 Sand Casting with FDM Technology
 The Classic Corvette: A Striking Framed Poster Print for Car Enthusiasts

- - - - -

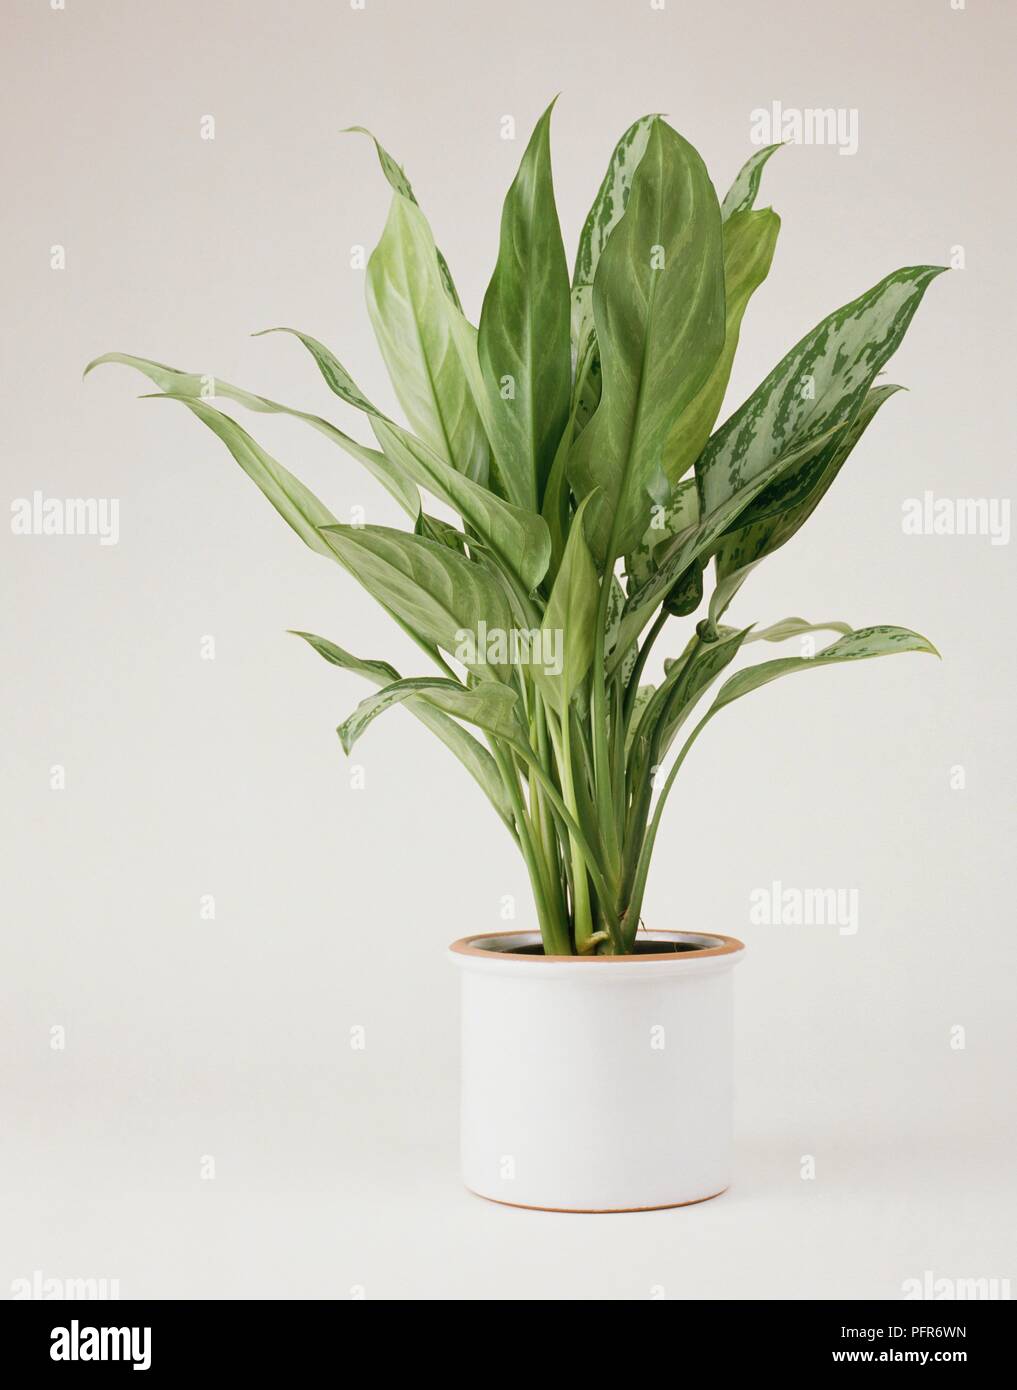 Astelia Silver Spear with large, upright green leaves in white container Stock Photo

- - - - -

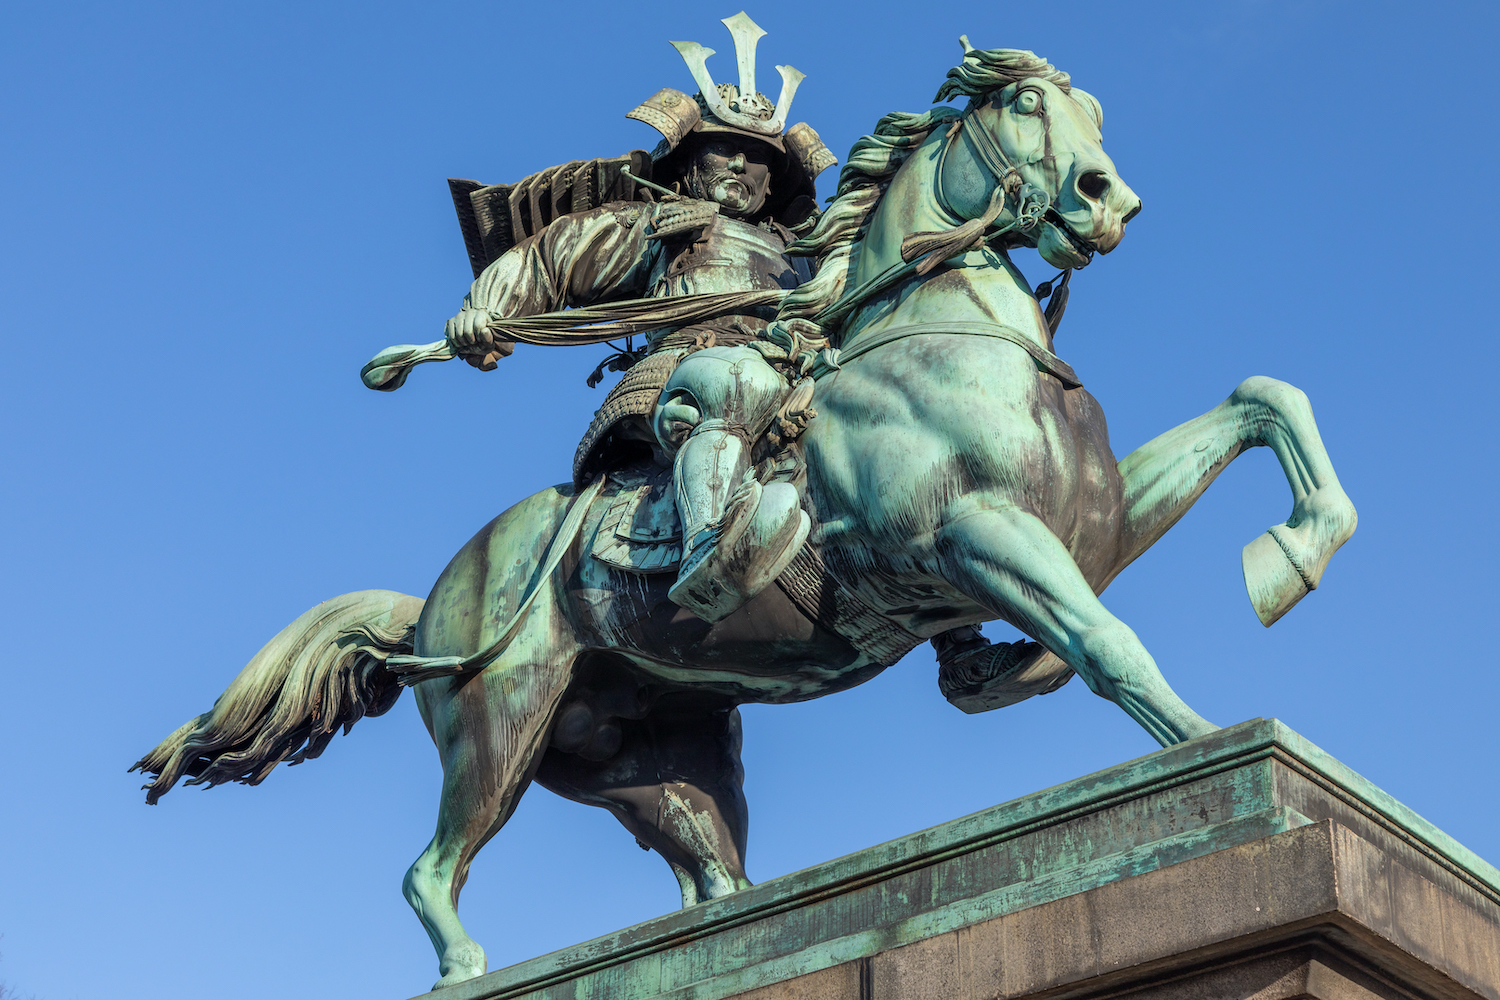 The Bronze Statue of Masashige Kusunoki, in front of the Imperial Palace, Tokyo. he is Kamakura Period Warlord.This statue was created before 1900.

- - - - -

### THE TASK:
One stretch of the lines above is wanted, from the line that contains "Sand Casting with FDM Technology" through the line that contains "The Classic Corvette: A". Output it exactly.

### EXERCISE ANSWER:
 Sand Casting with FDM Technology
 The Classic Corvette: A Striking Framed Poster Print for Car Enthusiasts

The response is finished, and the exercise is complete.